Blood coagulation factor X is composed of discrete domains, two of which are homologous to the epidermal growth factor (EGF). The N-terminal EGF like domain in factor X (fX-EGFN), residues 45-86 of the intact protein, contains a .beta.-hydroxylated aspartic acid and has one Ca2+-binding site. Using 2D NMR techniques, we have made a full assignment of the 500-MHz 1H NMR spectrum of Ca2+-free fX-EGFN. On the basis of this assignment and complementary NOESY experiments, we have also determined the secondary structure of Ca2+-free fX-EGFN in water solution. Residues 45-49 are comparatively mobile, whereas residues 50-56 are constrained by two disulfide bonds to one side of an antiparallel .beta.-sheet involving residues 59-64 and 67-72. Another antiparallel .beta.-sheet involves residues 76-77 and 83-84. A small, parallel .beta.-sheet connects residues 80-81 and 55-56 and thereby orients the two antiparallel .beta.-sheets relative to each other.
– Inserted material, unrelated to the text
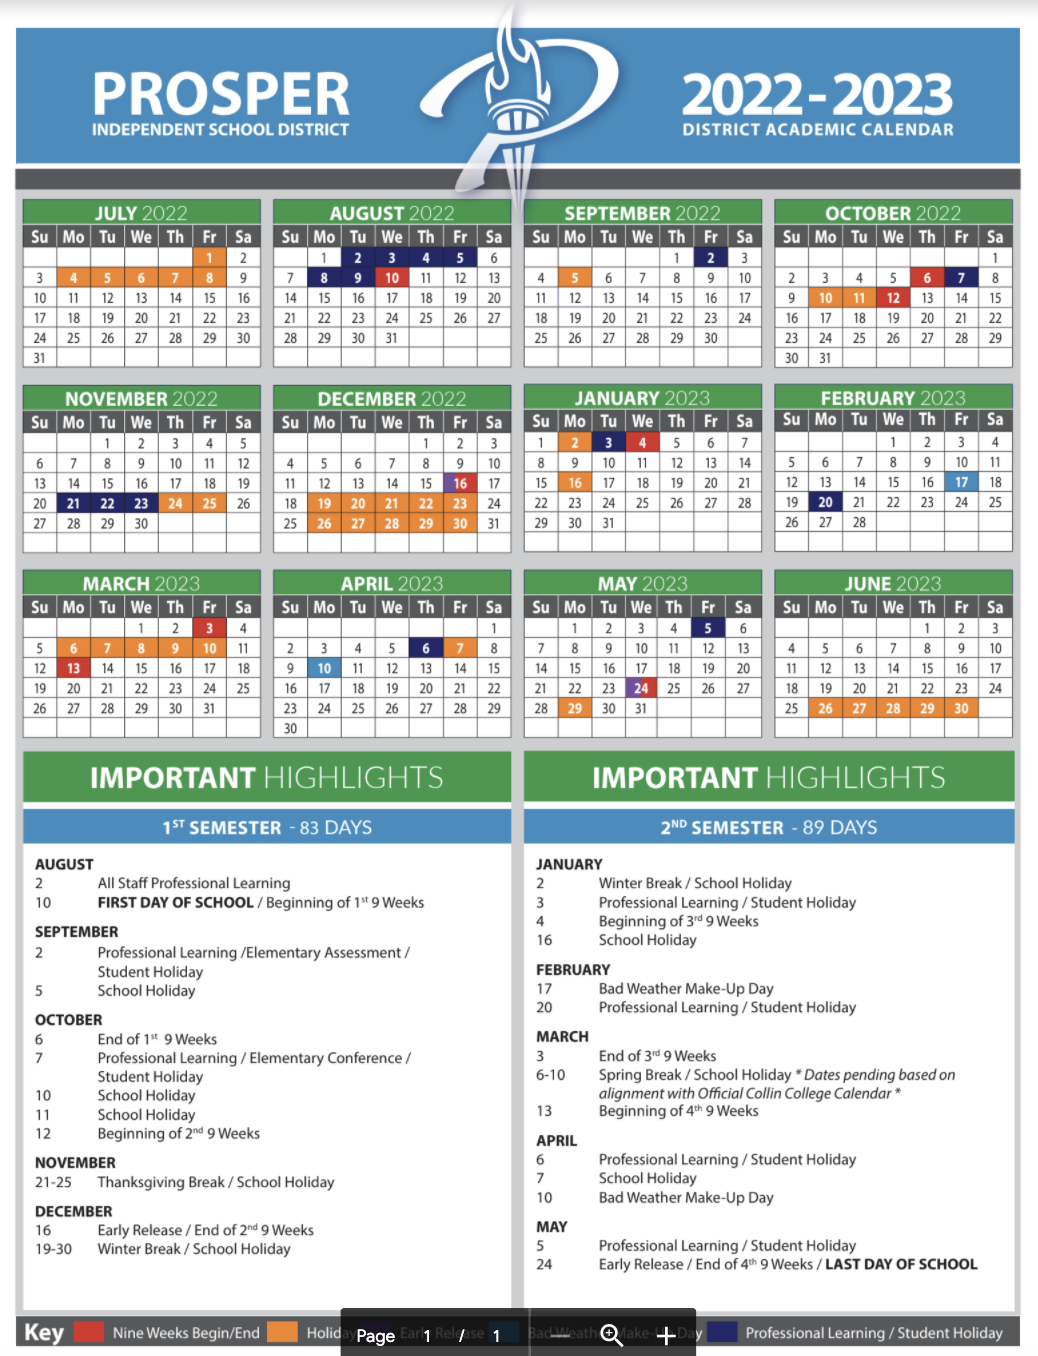 Plano Isd Calendar 2022 2023 Here Are Prosper Isd's School Calendars For The 2022-2023 And The 2023-2024  School Years | Cities | Checkoutdfw.com
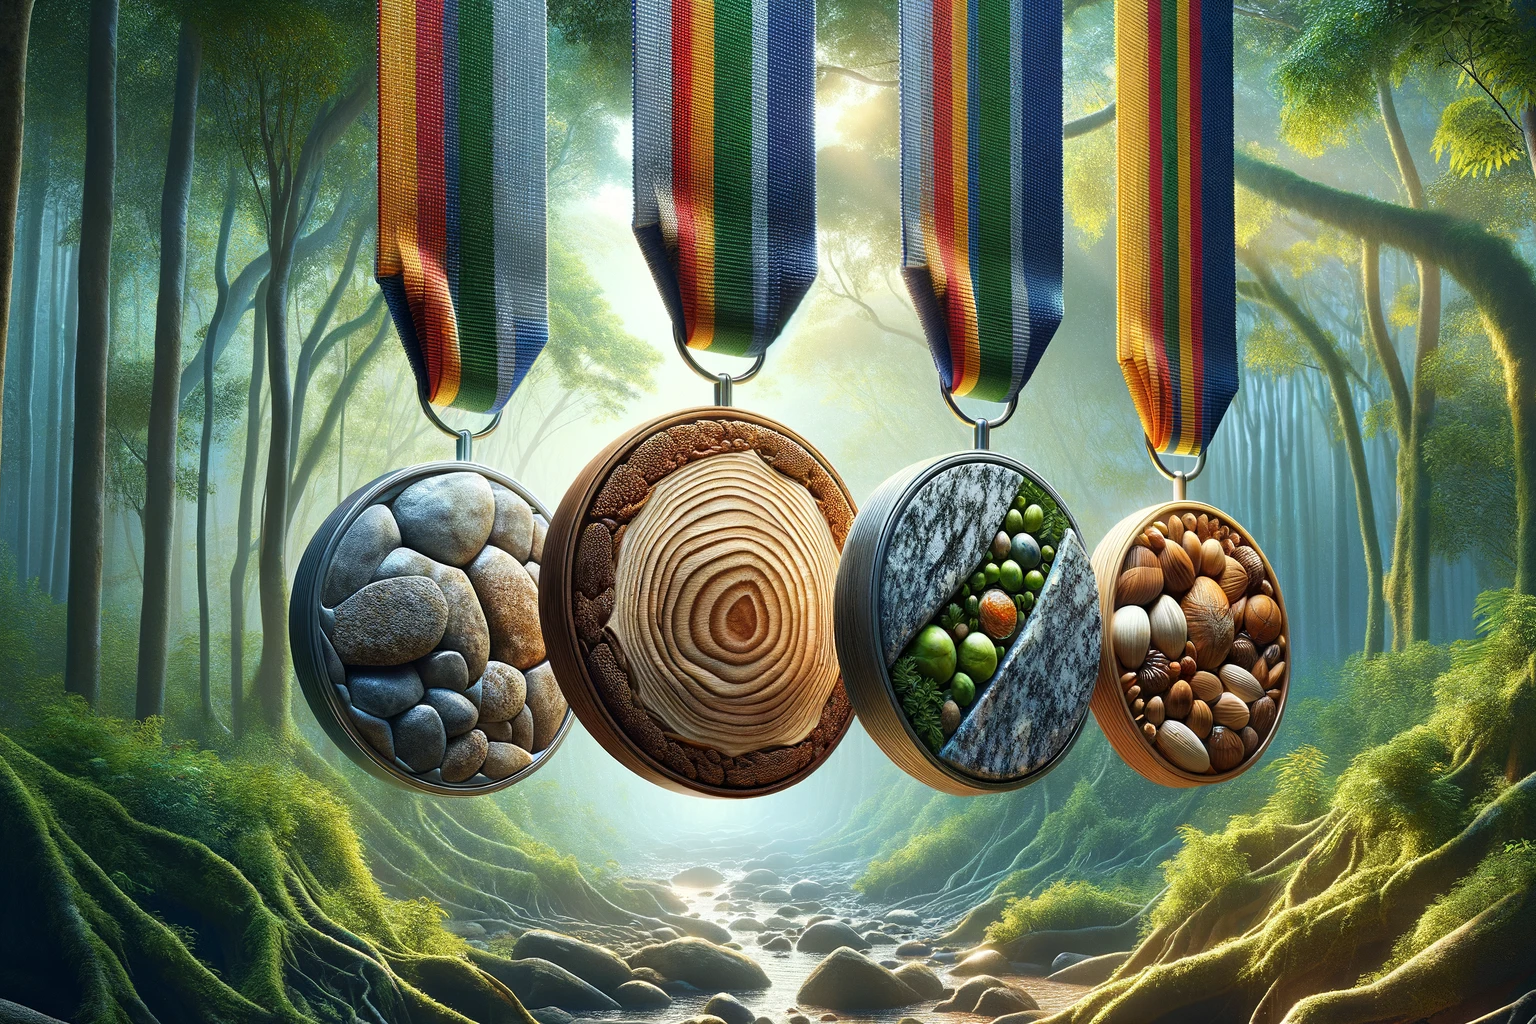 Three medals made of sustainable materials: a wooden medal, a stone medal, and a bird seed medal.

Four .beta.-turns are identified, involving residues 50-53, 56-59, 64-67, and 73-76. Residues 78-82 adopt an extended bend structure. On the basis of secondary structure and the location of the three disulfide bonds, we find that Asp 46, Asp 48, and Hya 63 are sufficiently close to each other to form a Ca2+-binding site. However, the amino terminus of the Ca2+-free form of fX-EGFN is not part of a triple-stranded .beta.-sheet as in other EGF like peptides. Differences and similarities between fX-EGFN and murine EGF with respect to secondary structure and conformational shifts are discussed.